La idea cruzó por mi mente como un rayo, en un ramalazo de pánico. Había intentado frotar la lámpara en vano varias veces sin que el genio apareciese. No había caso: la conexión a internet funcionaba perfectamente -pero no podía acceder a Google.

Me pregunté qué sería de mí si Google colapsaba. ¿Cómo haría para buscar información a toda velocidad, para recordar fechas, para chequear la correcta grafía de los nombres? Tuve que hacer un esfuerzo para tranquilizarme. Me dije que yo era hijo de una cultura libresca, que había crecido consultando volúmenes polvorientos, que era dueño de una memoria nada desdeñable -poco seria respecto de las fechas, pero confiable en lo que hace a datos, historias y grafías. En el peor de los casos volvería a las viejas y buenas prácticas. Pero me alarmó descubrir hasta qué punto me había vuelto adicto a Google, al high que proporciona tener acceso inmediato a millones de informaciones.

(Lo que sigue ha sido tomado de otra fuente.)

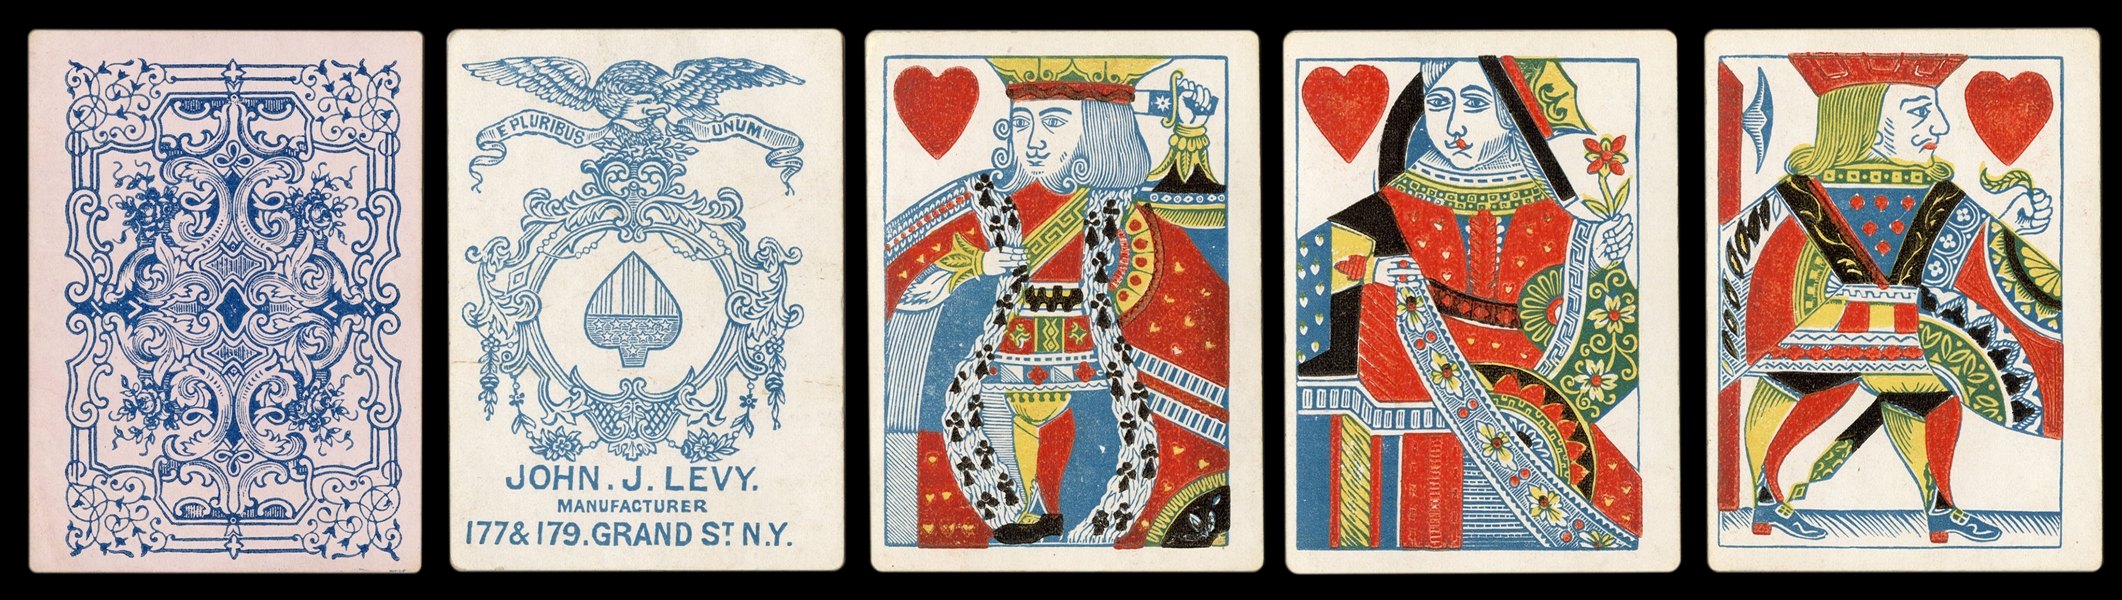  Jno. [John] J. Levy Playing Cards. New York, ca. 1860s. 52 ...
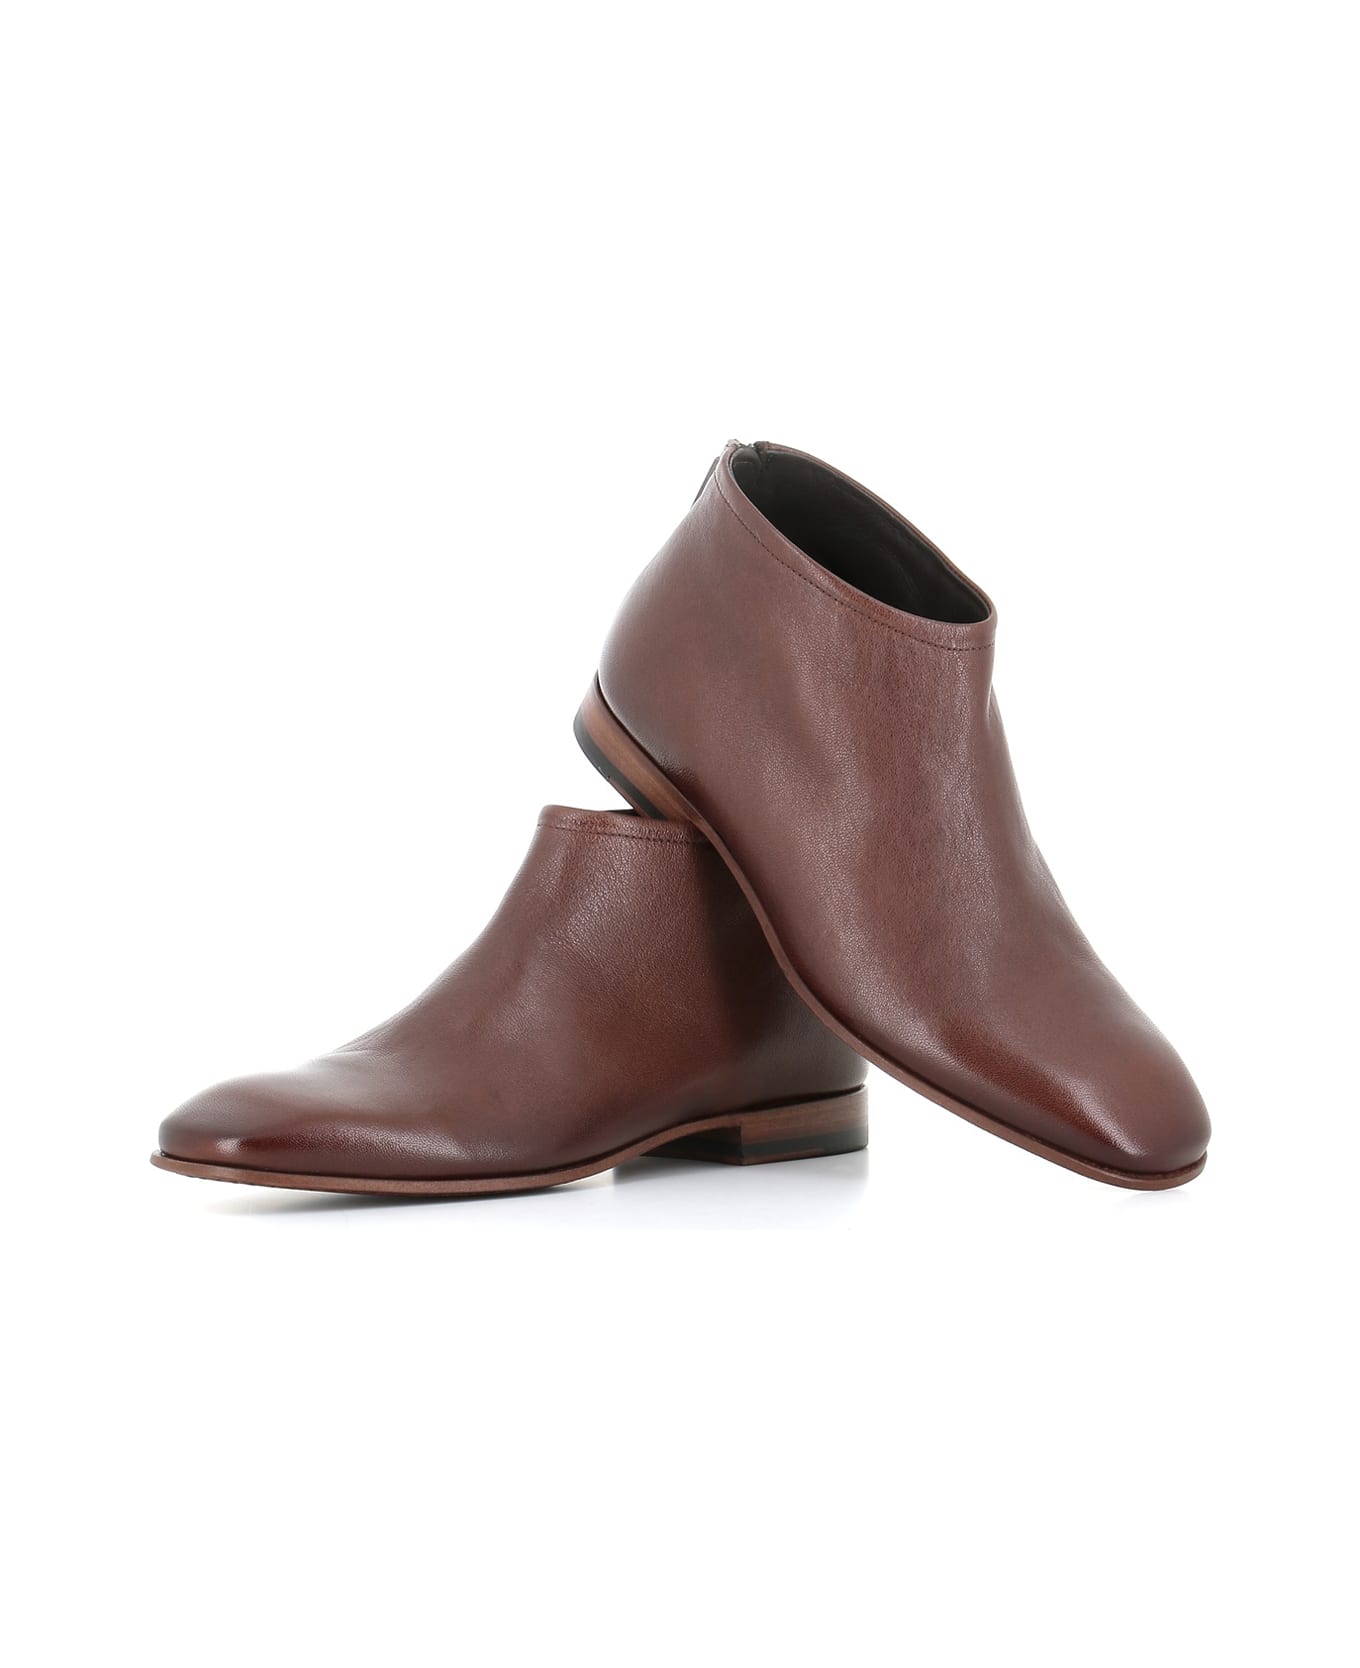 Pantanetti Ankle Boot 17120d - Brown

¿En qué nos convertiremos mañana, nosotros los Google-dependientes? Más aun: ¿qué será de las nuevas generaciones, que nunca han debido sumergirse en una enciclopedia de papel en busca del dato esquivo? ¿Qué les ocurrirá el día que se apague la luz, cuando el truco de decir la palabra mágica y conjurar la verdad ya no funcione? ¿Es posible dar con algún modo de capitalizar las ventajas de la tecnología sin que nos volvamos más frágiles, más débiles?

El futuro va a ser una temporada de lo más interesante.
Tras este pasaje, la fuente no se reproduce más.